Урок почти не было, основная масса арестантов была политическими. И Лютому без особого труда удалось подмять под себя камеру, заручившись поддержкой нескольких приблатненных. Теперь он тут был королем и устанавливал свои порядки. На столе рядом с его нарами, на почетном месте около окна, стояло несколько алюминиевых кружек с чифирем и валялось несколько недоеденных кусков хлеба, отобранных у лохов. Питание было плохое и его не хватало – только жидкая крупяная баланда пару раз в день и 400 граммов хлеба на человека. Но сейчас есть не хотелось.

Двое из его шестерок пили чифирь и базарили за жизнь. Третий огромный верзила резался в карточную игру буру с Петром, местным фраерком из Бреста. Лютый вспомнил свой недавний разговор с Петром, тот ему недавно горячо зашептал на ухо, что скоро дескать будем на свободе, Германия должна напасть на СССР в ближайшие дни. Петру шили дело как немецкому шпиону, и по всей видимости не зря. Да и не верить ему было сложно. Уже несколько месяцев по Бресту, а соответственно и по тюрьме шел слушок, что скоро начнется война. Люди как полоумные скупали впрок соль, спички, крупу, керосин и уезжали из города кто мог. Лютый иначе на них как на помешанных дурачков и не смотрел раньше. Сейчас же политическая обстановка на границе СССР уже не казалось ему настолько радужной, как рисовали ее в газетах и политсобраниях на его старой официальной работе в местном «Водоканале».

Наконец карточная игра закончилась. Пётр опять продул.

Он виновато улыбнулся и пробормотал: – Да скоро ребят отдам. С меня 400 рублей – и подмигнул Лютому.

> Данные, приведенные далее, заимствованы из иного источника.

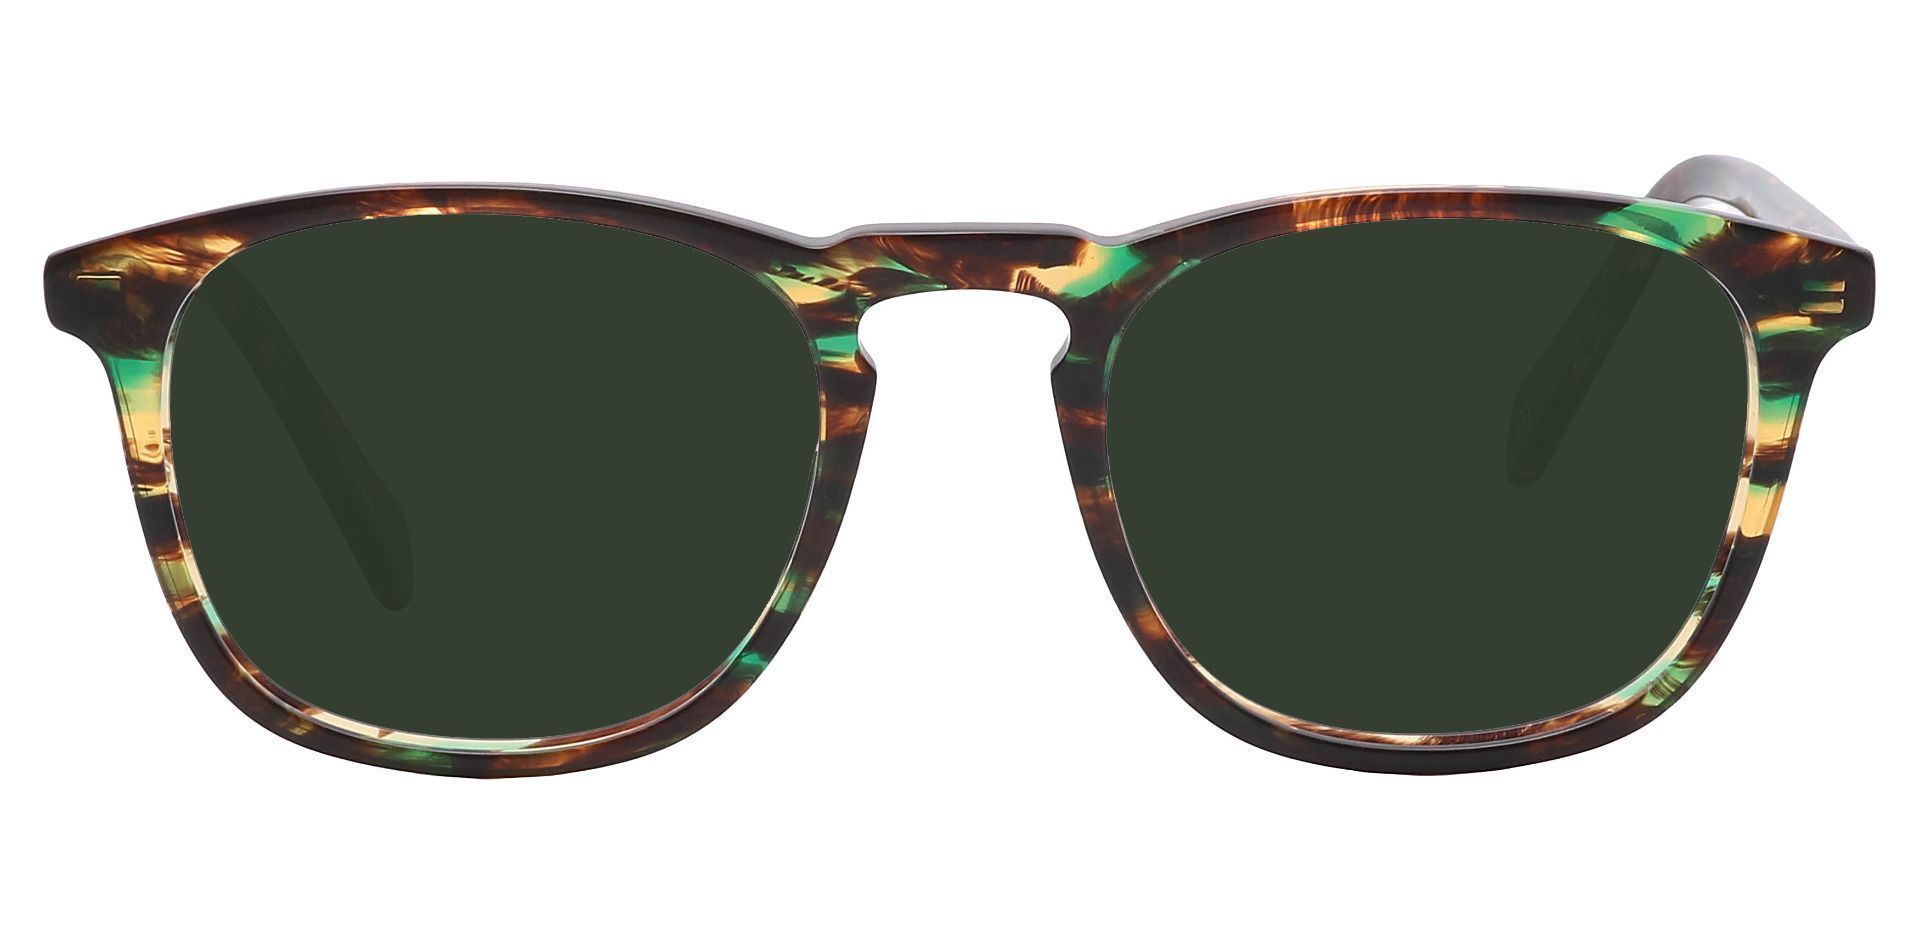 Venti Square Non-Rx Sunglasses - Green Frame With Green Lenses
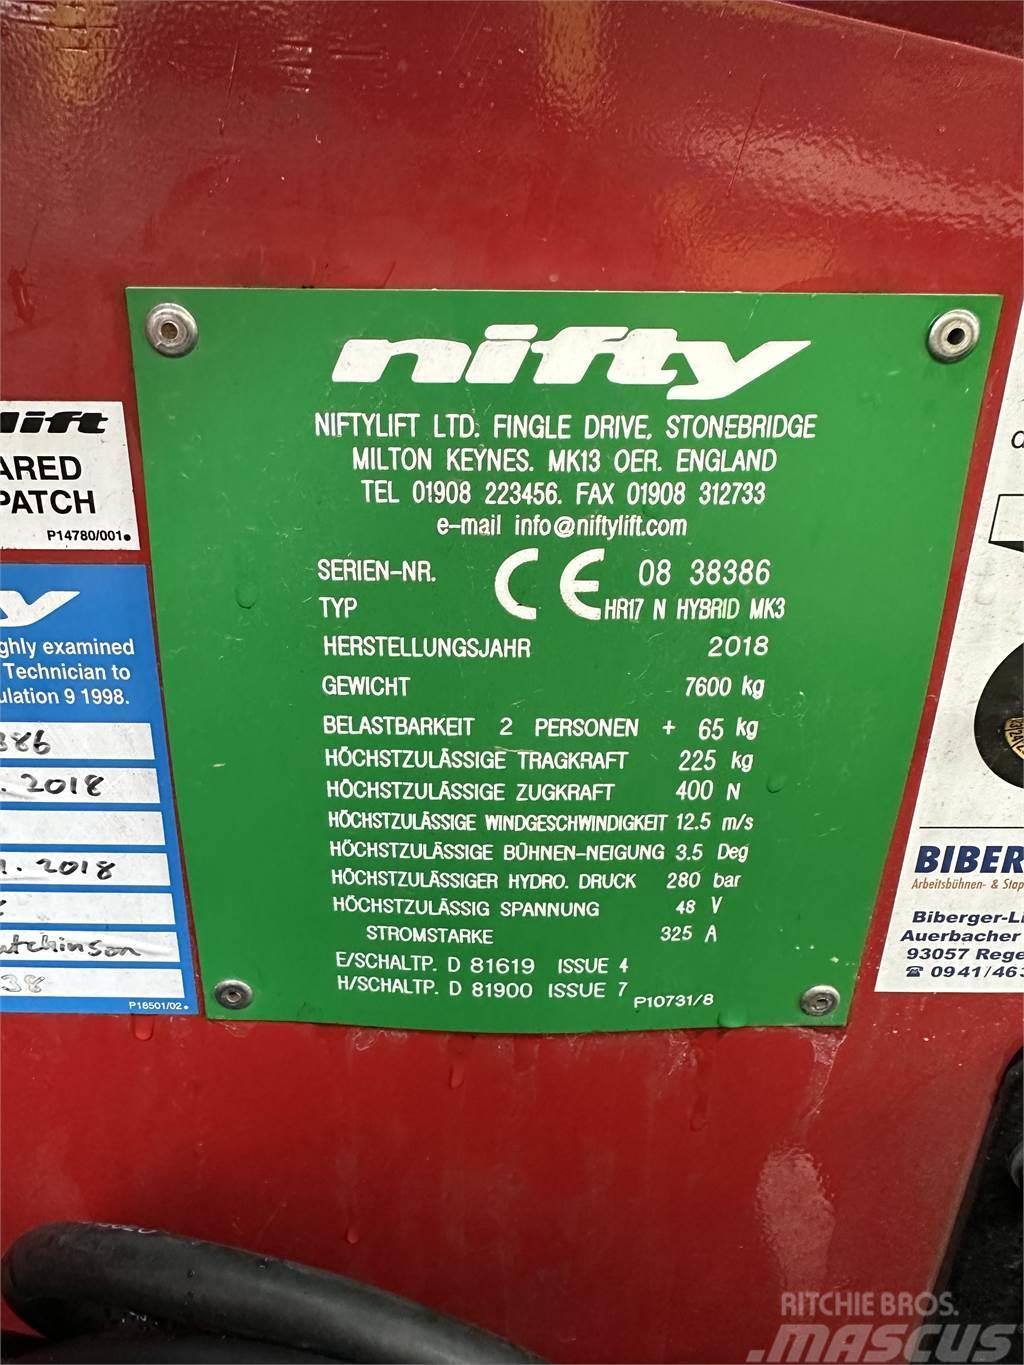 Niftylift HR 17 N HYBRID MK3 Körüklü personel platformları

Выигравший верзила, уже отмотавшим один срок за хулиганку, а в этот раз убившей по пьяни свою супружницу, краем глаза внимательно следил за паханом. Тот кивнул шестерке, что типа усе в порядке пусть фраер в долг играет. И самоиспеченный вдовец немного расслабился.

Лютого штормило. Он был давним наркоманом-морфинистом. Организм требовал инъекции и ему было плевать, что его хозяин сейчас вялиться на киче. Капельки пота выступили на вздувшимся венами лбу. Только круглый медный медальон на шее, который по странному стечению обстоятельств у него не отобрали надзиратели, своей мерной пульсацией успокаивал его и расслаблял тело. Один из шестерок с гадкой улыбкой на порочном лице услужливо преподнес пахану горячую кружку свежего чифиря. Тот отхлебнул зверского пойла от которого у него потом начинало штормить сердце и закрыл глаза. Картины воспоминаний, из его старой жизни на воле, повалились на него как экспонаты, из кузова попавшего в аварию музейного грузовика, придавливая своей тяжестью.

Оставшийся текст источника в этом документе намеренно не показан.